Sean Hannity has been spewing a lot of venom about the Obama campaign lately, calling it, with a perfectly straight face, one of the dirtiest in American history. On Sunday he did a whole special on the dirtiness of Obama’s campaign, including a smear profile of deputy campaign manager Stephanie Cutter, whom he called the “driving force behind the hateful tone that has been spewing from Team Obama and its surrogates.” He was back on the same theme last night along with Michelle Malkin who raised the tone of the Romney campaign no end by calling Cutter a “shameless lying liar.”
Among Hannity’s specific accusations against Cutter was on a theme he's used before: that though she denied having anything to do with the “Priorities USA” ad featuring Joe Soptic, whose wife died of cancer after her workplace was closed by Bain Capital, she was heard participating in a conference call with Soptic. (He doesn’t say which of those events came first.) That was when Malkin came out with her “shameless lying liar” statement, adding, “You need to have two feet of clearance space for that nose that keeps growing and growing, Stephanie Cutterocchio.”
Another specific accusation, and one they spent the most time on: that Cutter said women didn`t care about the economy. What made them say that, gentle reader? It was this quote from Cutter: “Well, … you find most often with women, they're not really concerned about what's happened over the last -- what's happened over the last four years. They really want to know what's going to happen in the next four years.”
Did you see the word “economy” in that sentence, gentle reader? Neither did I. In fact, that sentence turns out to have been cherry-picked from a much longer quote, and one that plainly says women are concerned about broader issues. But it gave Malkin a perfect opportunity for a rant. “Here [Cutter] is now, trying to persuade women that they should forget the last four years, down the memory hole, all those millions of women who were out of work, all the millions of female taxpayers whose money has been squandered on crony projects and boondoggles. And she so blithely blabs and blabs about the war on women when of course it's this administration that has waged it, most ruthlessly on mothers, grandmothers, daughters, sisters of all the men who have lost their jobs and who are far less better off than they were four years ago…” (Hannity – I’ll give him that much credit – did remind her that women had lost their jobs too.)

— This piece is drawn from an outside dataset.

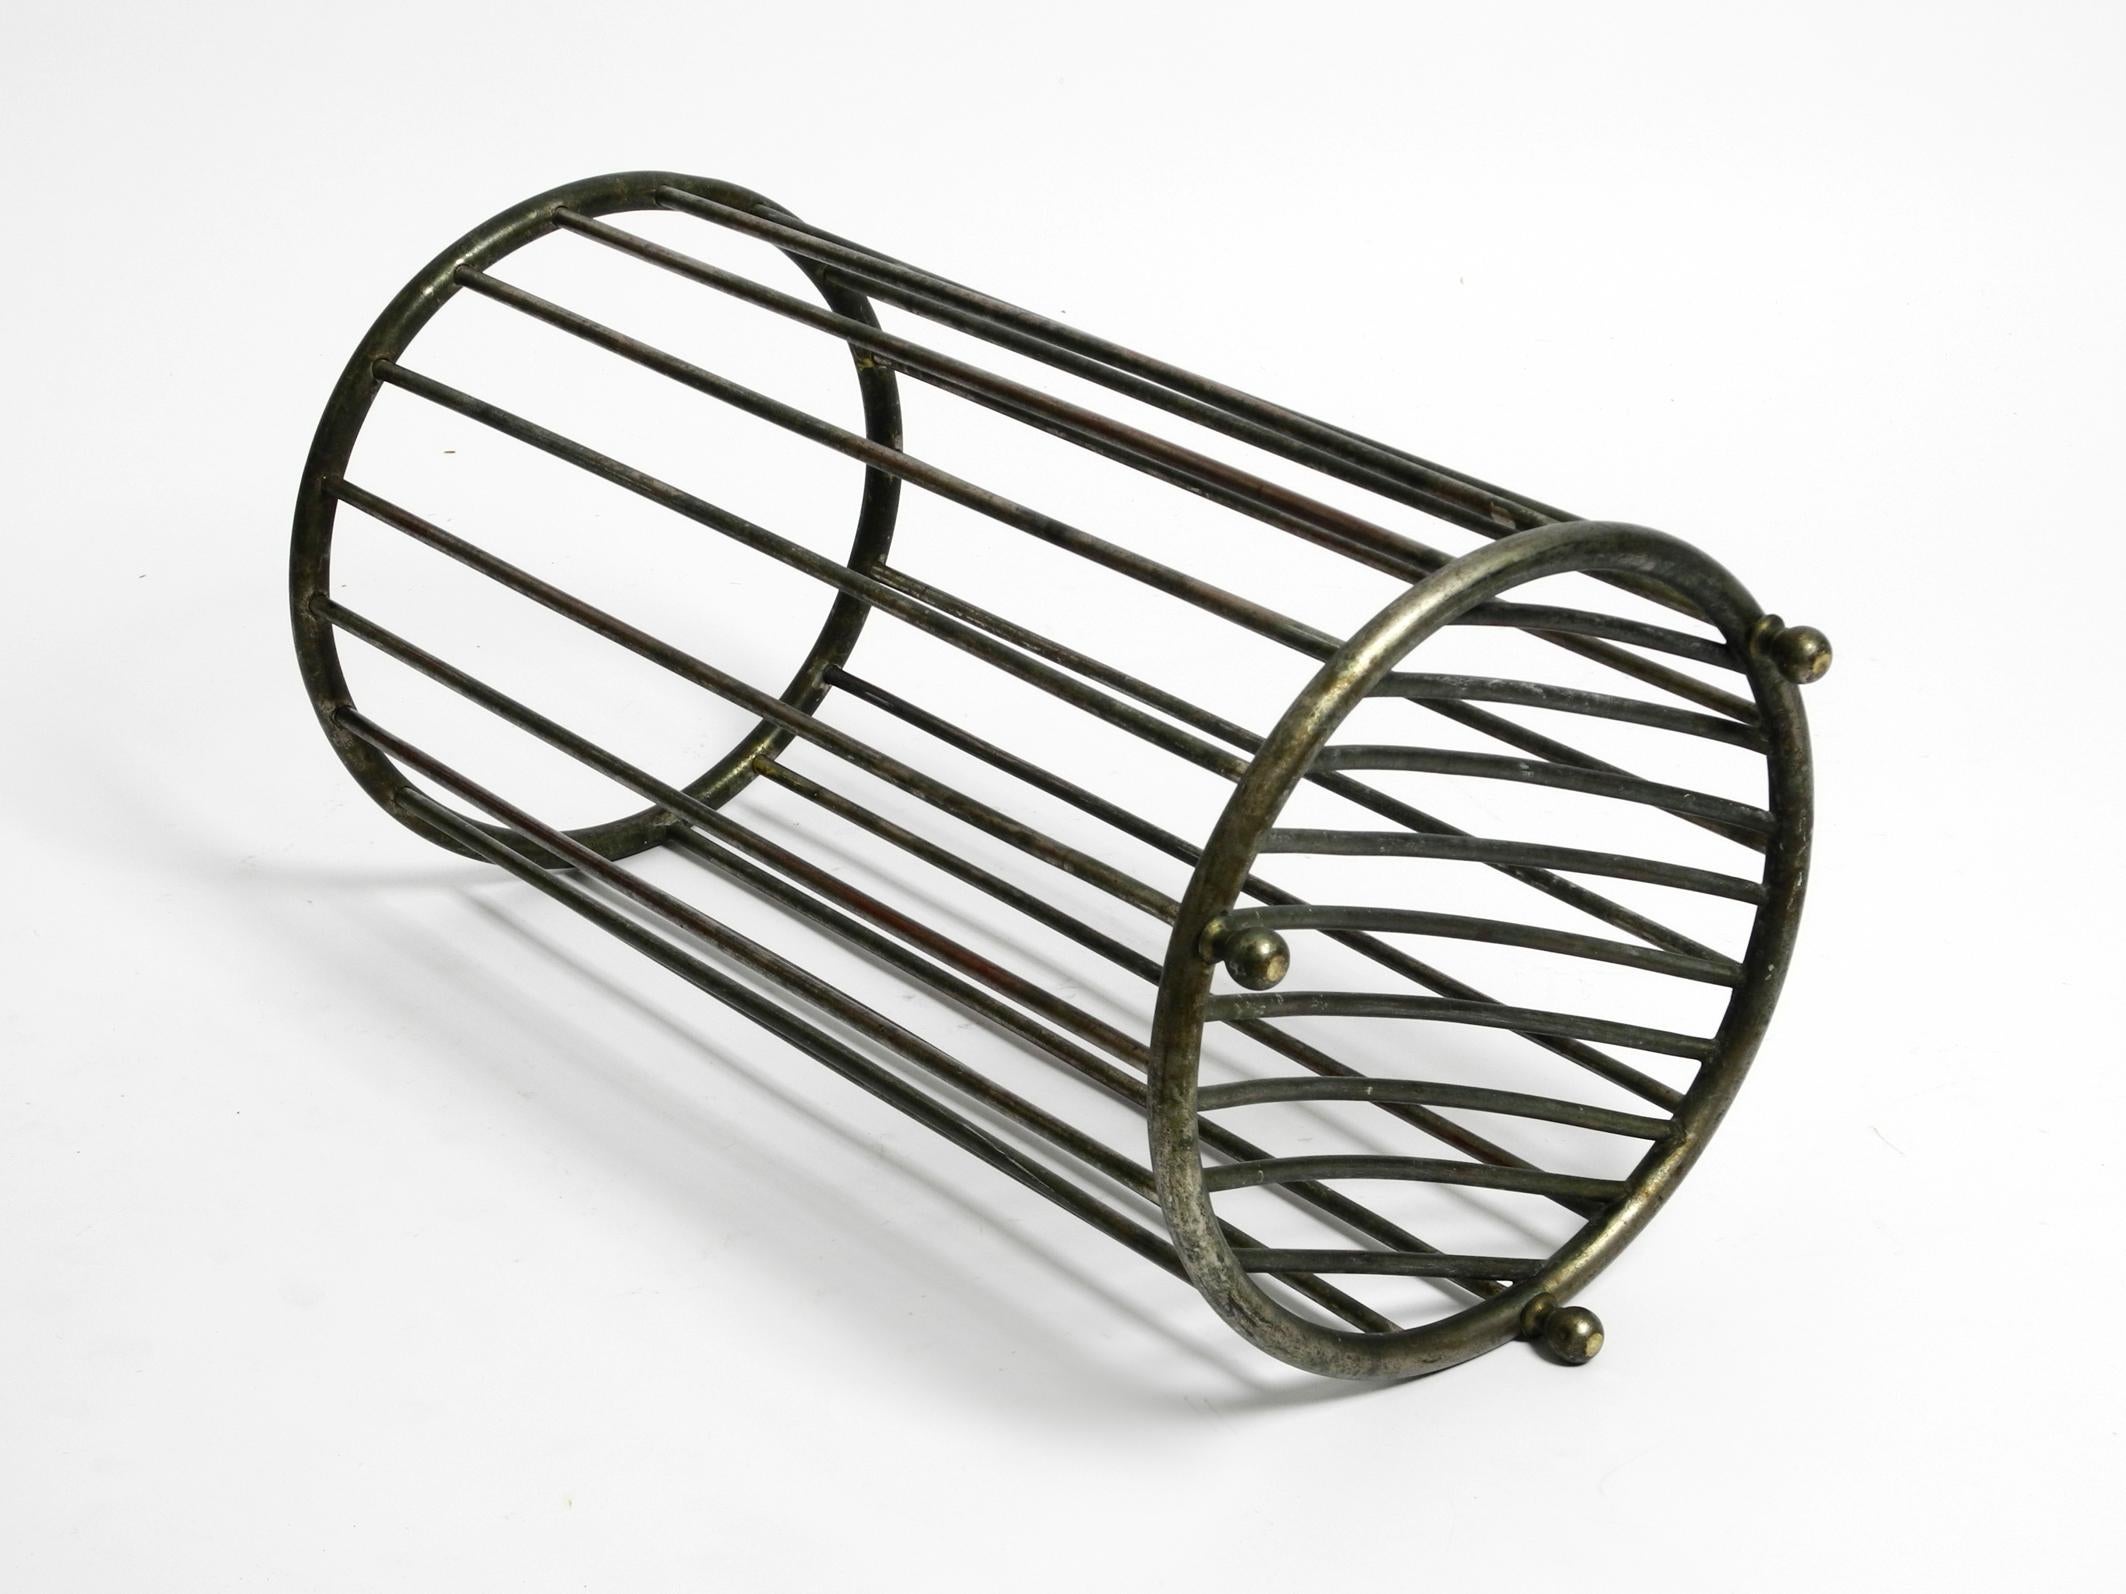 American Original Mott's Plumbing Towel Basket Made of Nickel-Plated Brass from the 1910s

I didn't see any mention of birth control in Cutter's incriminating statement either, but that didn't stop Malkin from bringing it up. The Democrats, she said, had overreached by going after the loony feminist fringe “in this whole idea that women simply think with their chromosomes and internal organs… and the caricature of the Sandra Fluke typos, radical pinkos, prancing around in costumes dressed up as reproductive organs. This is not what mainstream females are about. We need to have the Romney campaign representing that.” (Then why are mainstream females not flocking to Romney? Oh yes, of course - it's those left-wing polls misrepresenting things again.)
Is Fox upset because the Obama campaign is refusing to roll over when the right-wing attack ads begin? I have my own idea about who’s really running the dirty campaign, gentle reader.
Meltdown-Overdrive. They seem to be doubling down on the same strategies that have put Romney so far behind. Accusing the media of bias and the president of lying, while inventing their own reality. It seems like Mitt gets into big trouble whenever he refers to any of the cherished beliefs of this right-wing alternate universe.
Gosh, that does bring back memories of the ’50s and ’60s when a political adversary could be torpedoed for being “pink”, i.e. a believer in the need for social programmes.
I put Kkklannity & Malkin on earth to serve as a warning. They live in a Hell of their own making and anyone with a conscience will understand. Next stop for them – fire & brimstone!